For their death-defying feat, President McKinley recommended Jarvis, Bertholf, and Call for a specially struck Congressional Gold Medal. In early 1899, in the aftermath of the expedition and the concurrent Spanish-American War, McKinley wrote in his recommendation letter to Congress: The year just closed has been fruitful of noble achievements in the field of war, and while I have commended to your consideration the names of heroes who have shed luster upon the American name in valorous contests and battles by land and sea, it is no less my pleasure to invite your attention to a victory of peace.
After returning home from the expedition, Jarvis assumed command of Bear, as would Ellsworth Bertholf, who in 1915 rose through the ranks to become the first commandant of the modern Coast Guard.

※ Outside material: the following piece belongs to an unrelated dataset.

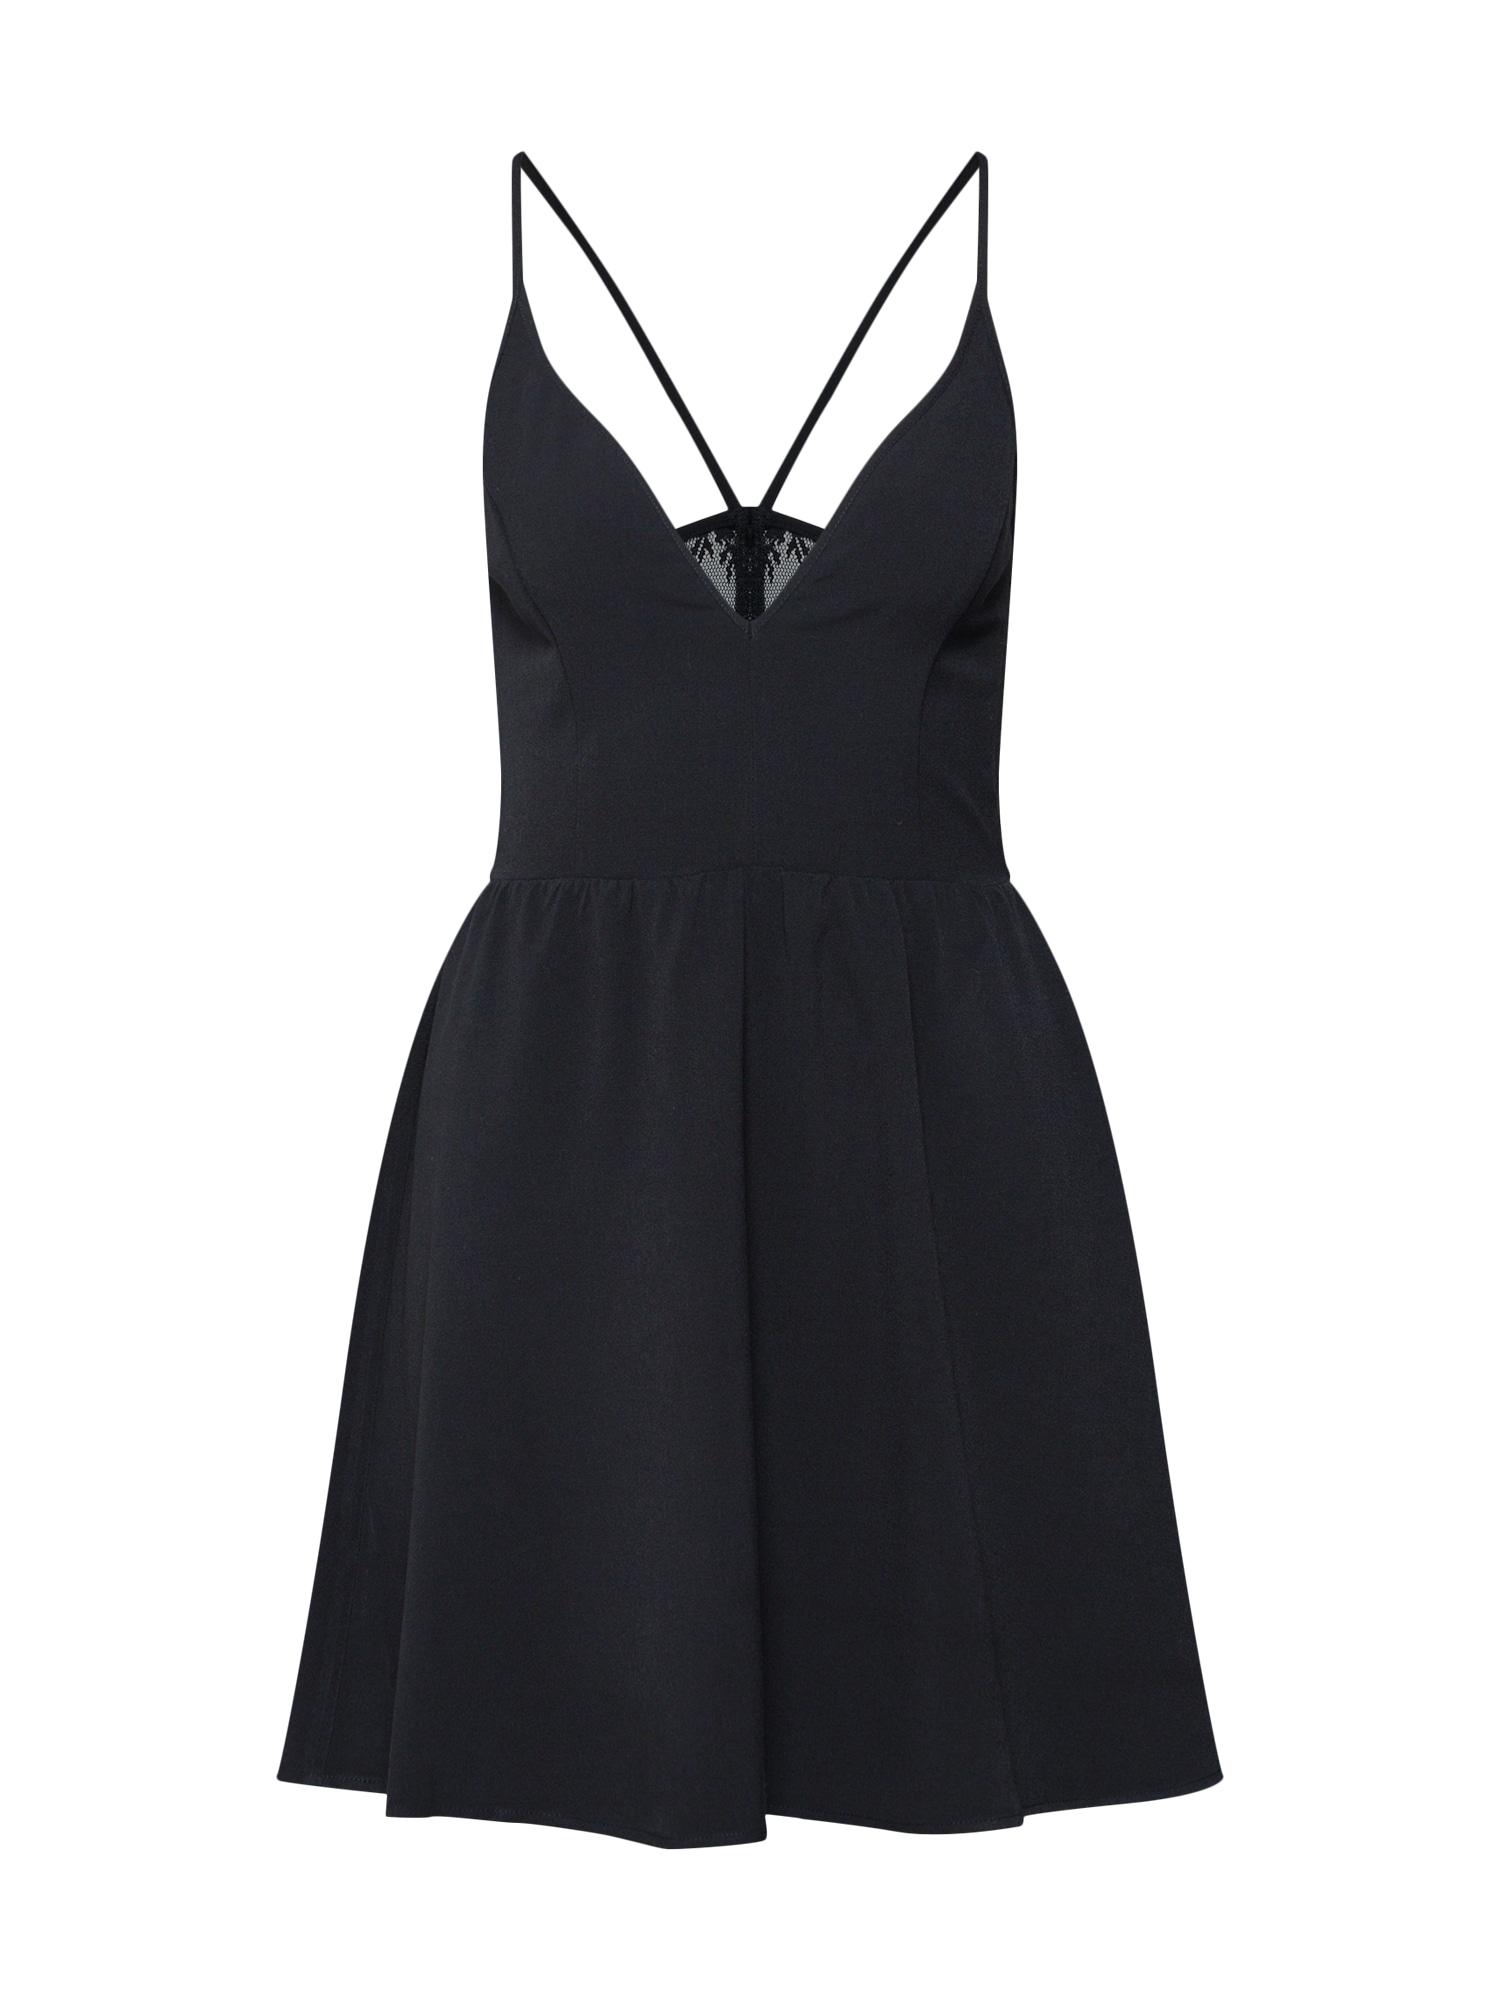 Koktejlové šaty EV4_FW18_2-1-C_103 černá Even&odd

Another Bear officer, who volunteered for the cruise to save the whalers, Harry Hamlet, would also advance to the top post in the Coast Guard. Later, while still an officer, Jarvis became a special government agent at Nome, Alaska, and served there when a smallpox epidemic struck the community. In 1902, President Theodore Roosevelt assigned Jarvis as customs collector for the District of Alaska. In 1905, Jarvis was promoted to captain and, that same year, he retired from the Service after a nearly 25-year career. After Jarvis retired, President Theodore Roosevelt offered Jarvis the governorship of Alaska Territory, which he declined.
Captain David Jarvis died in 1911, six years after leaving the Revenue Cutter Service. He had become an important figure not only in the history of the Service, but also in the settlement of Alaska. A high-endurance Coast Guard cutter has borne his name, as does Mount Jarvis in Alaska’s Wrangell Mountains. Today, the Coast Guard awards the Captain David H. Jarvis Leadership Award every year to a Coast Guard officer who demonstrates outstanding leadership skills and inspires other men and women to strive for excellence. Jarvis’s memory lives on in the history and heritage of the U.S. Coast Guard and the State of Alaska.